— Мама, мы хотим послушать…
— Ступайте, ступайте! Мало ли о чем говорят старшие! Это вас не касается… На здоровье, душечка! На здоровье!.. В самом деле, как понять здесь «цинизм»? Ну, еще дерзость я допускаю: чтобы проникать в тайны природы, надо быть дерзновенным и так далее, и так далее…
— Природа представляется мне великою девственницей, — тихо сказал Иван Григорьевич. — У нее есть своя девственная тайна. Вот, мне кажется, профанация этой девственной тайны и составляет одну из самых острых форм проявления человеческого цинизма.
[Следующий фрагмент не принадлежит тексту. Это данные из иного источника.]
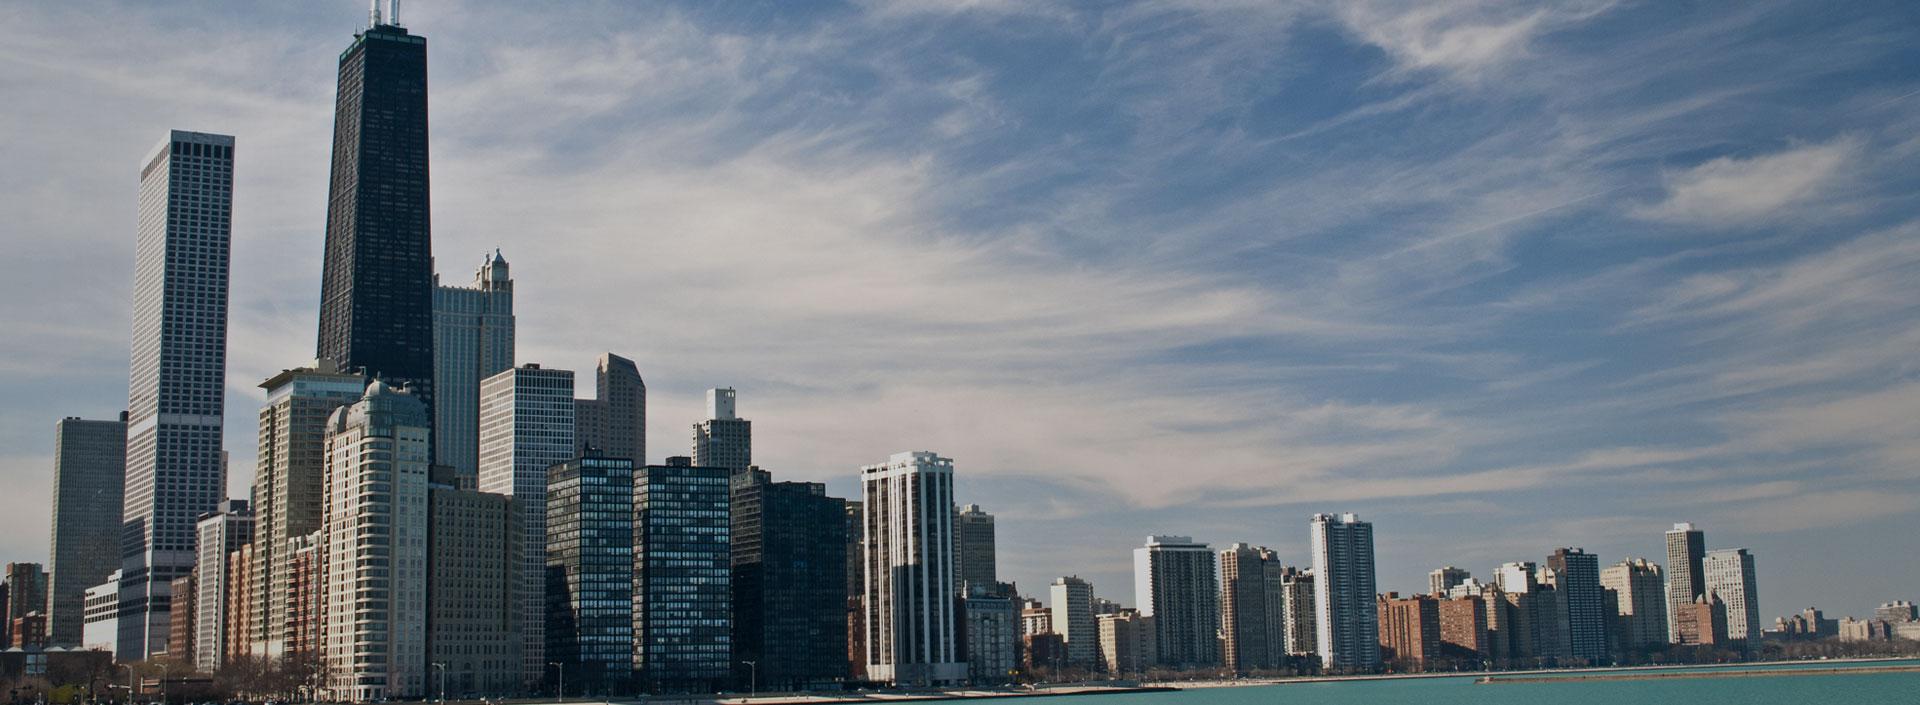 04-Chicago1
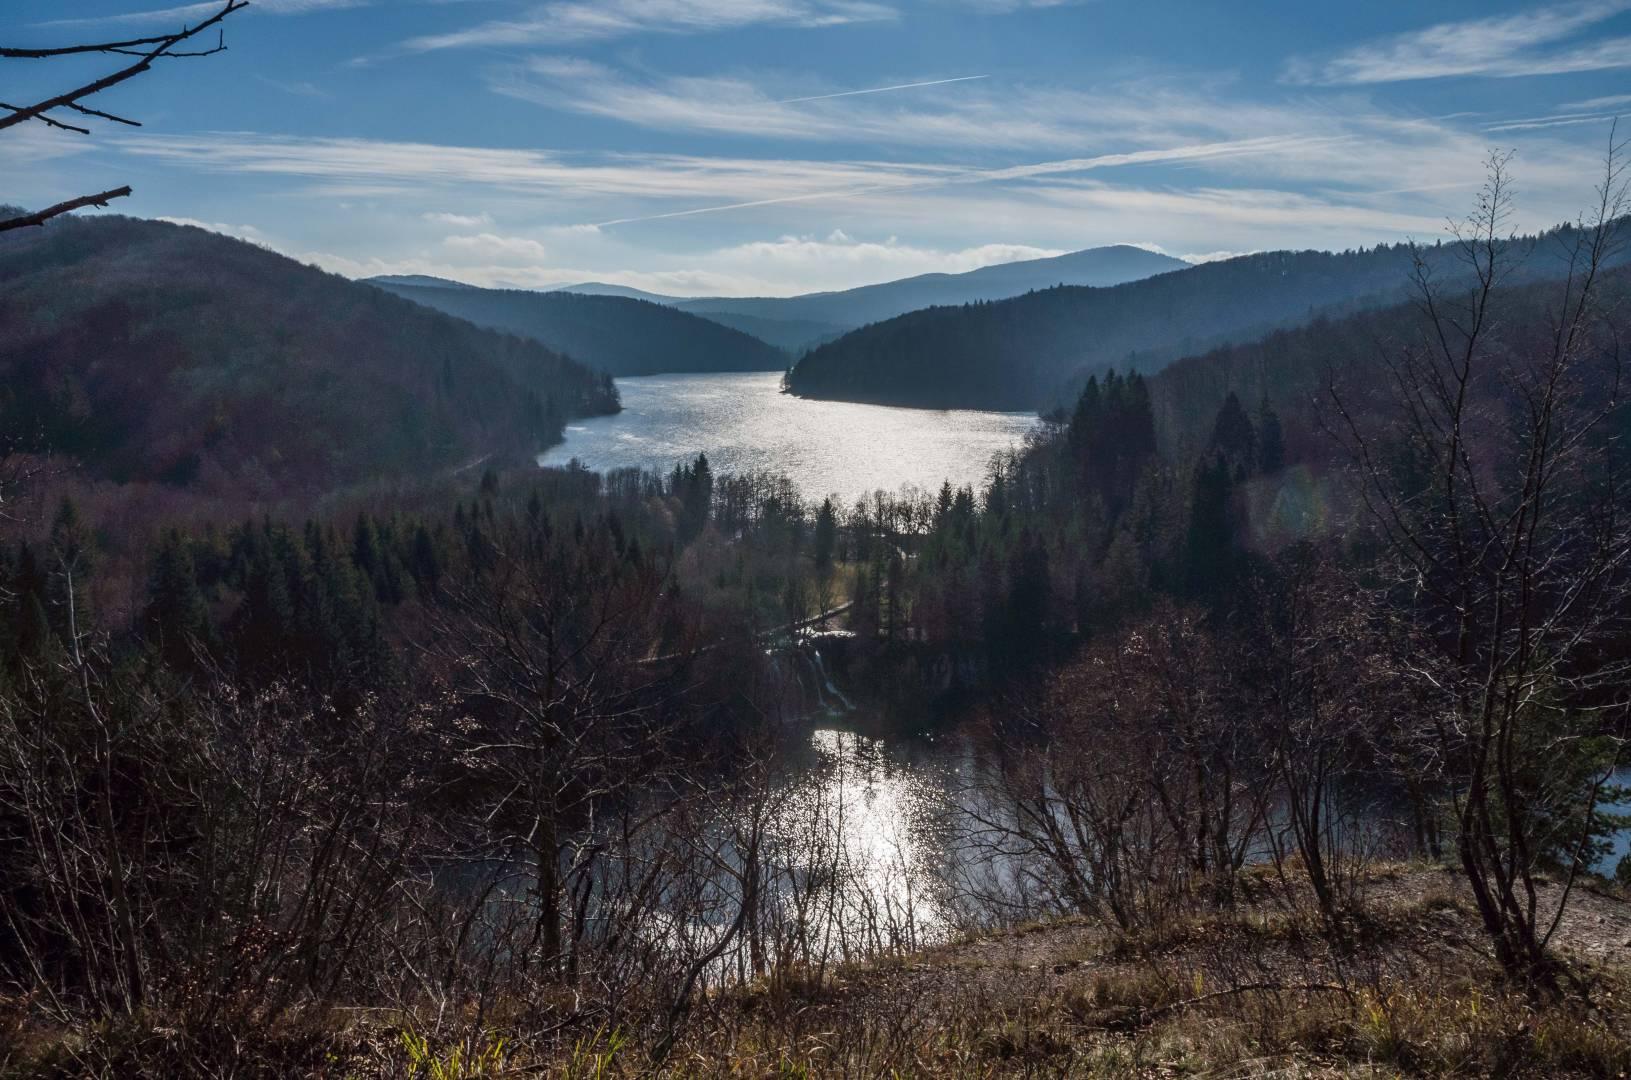 Prošćansko and Ciginovac lakes

Цинизм есть, вообще, упрощенное, открытое обращение с вещами, требующими по самой своей сущности сложного и таинственного к себе отношения. Природа требует именно такого отношения.
— Декадентство! — сказал Володя, чувствуя, как в груди у него поднимается глухое, тоскливое раздражение против этого человека, который будил в нем никогда ранее не звучавшие струны. — Какая тайна? Никакой тайны нет! Все должно быть ясным…
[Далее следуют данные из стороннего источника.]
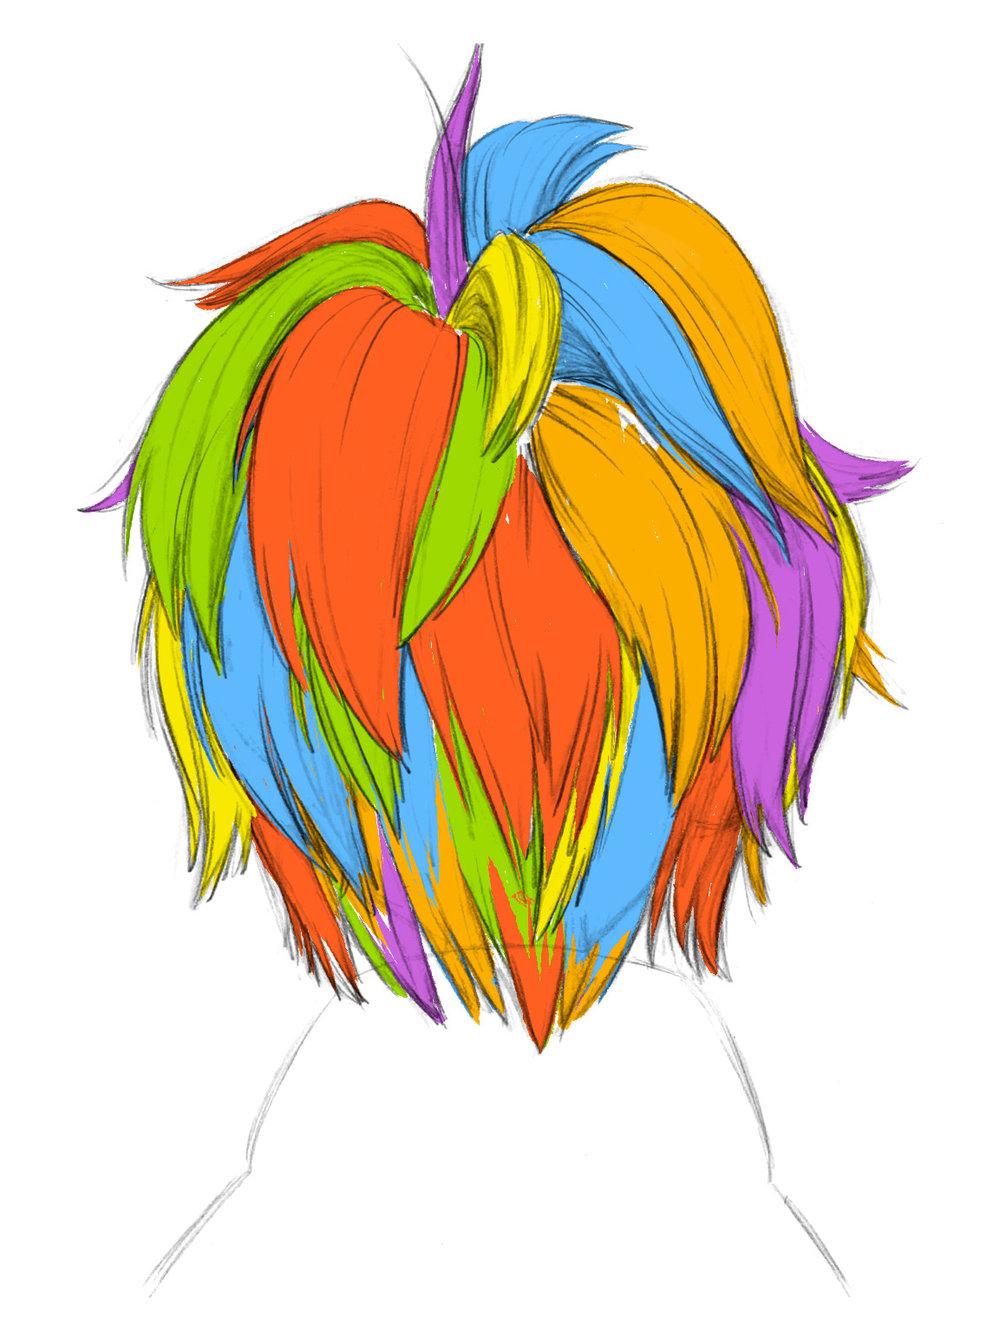 Hiro's Hair: Chunks

— Оставь, Володя! — томно сказала Рапса Васильевна. — Я так люблю немного пофилософствовать в сумерки.
Вошла горничная с лампой.
— Ну, вы сидите, философствуйте, — резко сказал Володя, вставая, — а я пойду, пройдусь.
— Слыхали вы, как Горбов избил Сашу? — спросила Раиса Васильевна за утренним чаем. — Это ужасный негодяй! Такой деспот!
— Сашу? Как? За что? — посыпались вопросы.
— Не хочет идти замуж. Приезжал жених, а она в лес убежала….
— Поделом, — сказал Володя сквозь зубы. — И, вообще, мама, мне кажется это не наше дело. Может быть, по их делам ей необходимо выйти замуж. Что за странная опека с нашей стороны? Впрочем, если уж ты так добра, отдай Горбову огороды в безвозмездное пользование…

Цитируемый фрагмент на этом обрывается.